Conceptualization, S.O.O. and R.C.-P.; methodology, S.O.O. and R.C.-P.; software, S.O.O.; validation, S.O.O., R.C.-P. and V.G.; formal analysis, S.O.O.; investigation, S.O.O.; resources, S.O.O. and R.C.-P.; data curation, S.O.O.; writing—original draft preparation, S.O.O.; writing—review and editing, R.C.-P. and V.G.; visualization, S.O.O.; supervision, R.C.-P.; project administration, R.C.-P.; funding acquisition, R.C.-P. All authors have read and agreed to the published version of the manuscript.

Funding

This research was funded by the Norwegian Research Council under the SecuRoPS project “User-centred Security Framework for Social Robots in Public Spaces” with project code 321324.

Institutional Review Board Statement

The study was conducted in accordance with the Declaration of Helsinki and approved by the Norwegian Agency for Shared Services in Education and Research (Sikt), under the Norwegian Ministry of Education and Research (protocol code 328081, approved on 23 February 2025).

Informed Consent Statement

Informed consent was obtained from all participants involved in the study. The authors affirm that human research participants provided informed consent for the publication of their feedback and comments.

Data Availability Statement

The system implementation code is available on GitHub https://github.com/samsonoo/ARI---Ostfold-University-College-Robot-Receptionist (accessed on 8 June 2025).

Conflicts of Interest

The authors declare no conflicts of interest.
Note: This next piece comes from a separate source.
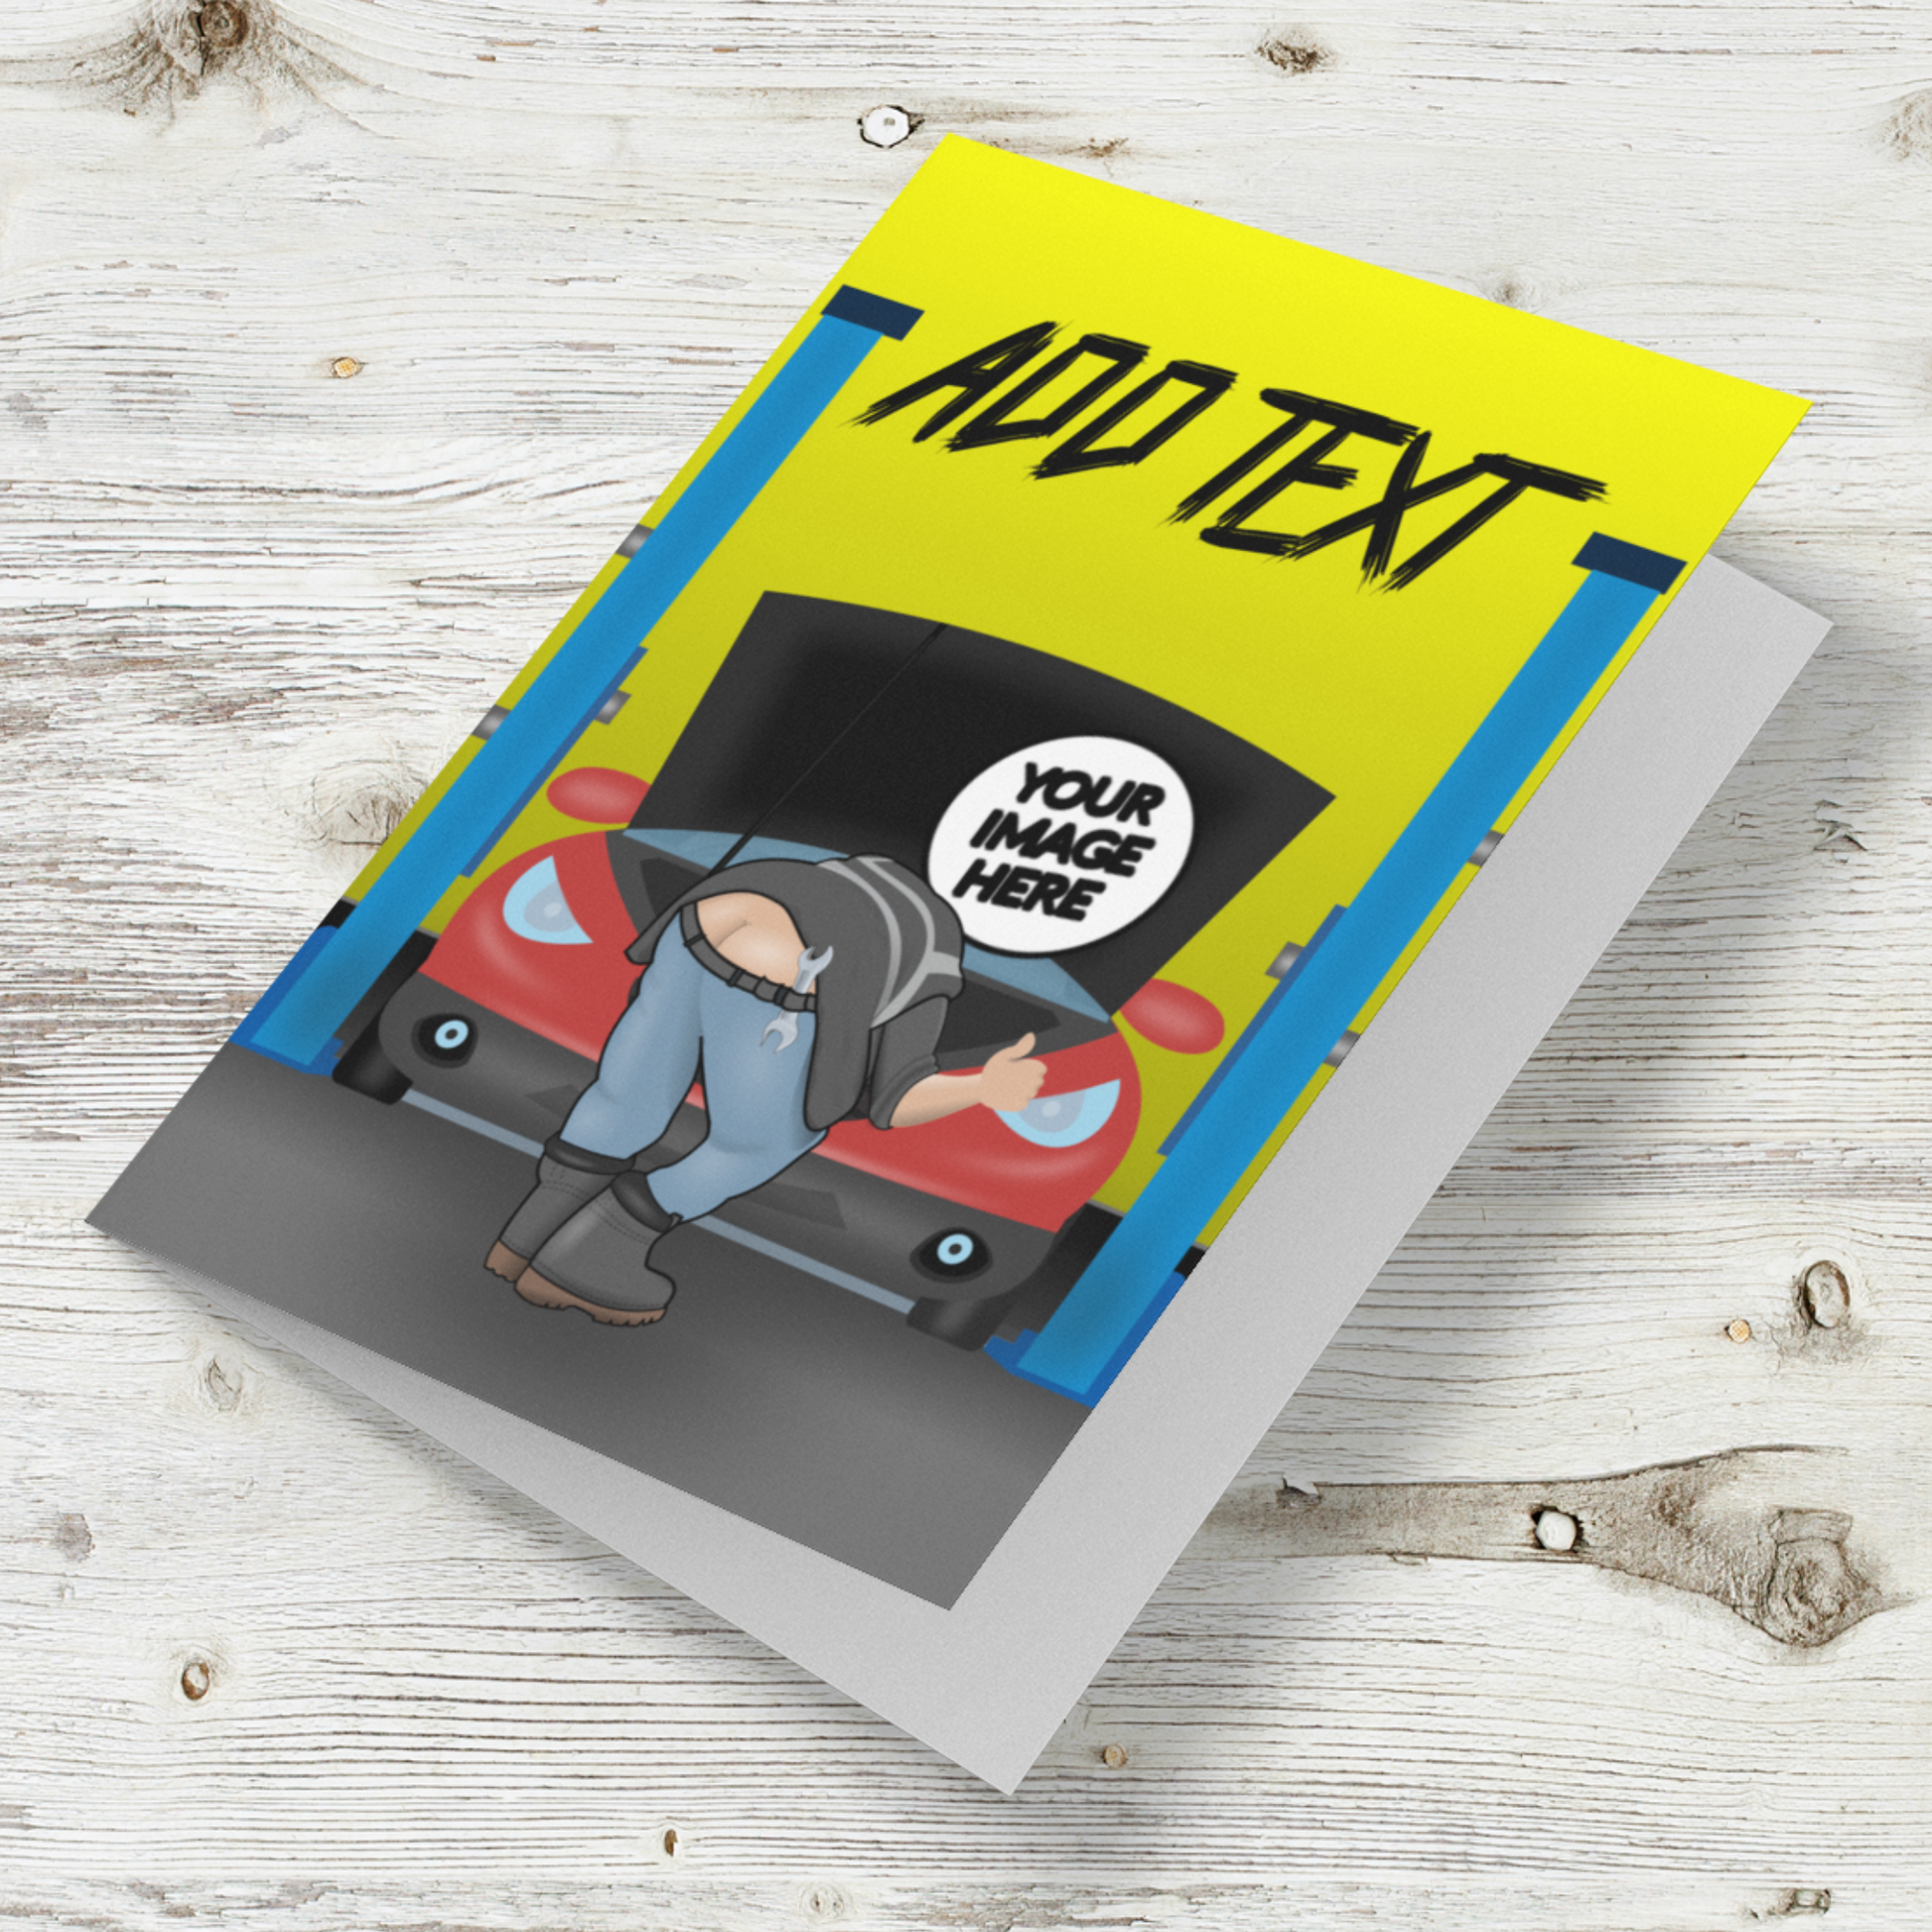 funny personalised photo greeting card of mechanic bending over fixing a car and showing behind builders bum showing "your image here"

Appendix A. Participant Information Sheet

  • Title: Real-World Validation of a Human-Centred Social Robot: A University Receptionist Case Study
  • Invitation to Participate
You are invited to participate in a research study to validate the SecuRoPS framework from the end-users’ perspective. Your feedback will help us evaluate some phases of the framework, focusing on security, safety, usability, user experience, and ethical considerations of social robots in public spaces.
  • About the Study
In this study, you will interact with a social robot that provides information about Østfold University College, its campuses, departments, and courses, as well as updates on local events and attractions in Halden. Following your interaction with the ARI social robot, you will be asked to provide feedback on your experience, helping us test the SecuRoPS framework.
  • Your Role in the Study
You will interact with the robot and complete a feedback survey afterwards, evaluating its security, usability, ethical considerations, and user experience.
  • Voluntary Participation
Your participation is entirely voluntary. You may withdraw at any point without penalty, and your decision will not affect your relationship with Østfold University College or any affiliated institutions.
  • Duration of the Study
The total time commitment is approximately 20 min.
  • Data Collection and Confidentiality
No personal data will be collected during your interaction with the robot unless you choose to provide it. The robot will not collect any data from users through its camera or other sensors while providing information. However, the robot will ask users for their names and email addresses. You will have the option to either accept or decline this request. At the end of the interaction, the robot will review the information collected during the session and ask for your consent to save or discard this data. Please note that names and email addresses are not considered sensitive information under the data protection laws in Norway.
This data collection process will be used to assess the transparency of the social robot during interactions with users. After the interaction, the only data collected for research purposes will be your responses in the feedback survey. All collected data will be anonymized and stored securely in Nettskjema and Microsoft Office OneDrive of Østfold University College. These data will be used exclusively for the purposes of this study.
  • Benefits and Risks
Your participation will advance knowledge in the emerging field of social robotics in public spaces. There are no significant risks associated with this study.
  • Funding
This research is part of a PhD project partially funded by the Research Council of Norway under “User-centred Security Framework for Social Robots in Public Spaces (SecuRoPS)” with project code 321324.
  • Further Information and Contact
Please get in touch with any of the following if you have any questions or need additional information.
PhD Researcher: Samson Oruma, samsonoo@hiof.no
Principal Investigator—Prof. Dr. Ricardo Colomo-Palacios; ricardo.colomo-palacios@hiof.no
Chief Information Security Officer—CISO: Ted Magnus Sørlie; ted.m.sorlie@hiof.no
Thank you for considering this opportunity to shape the future of social robotics.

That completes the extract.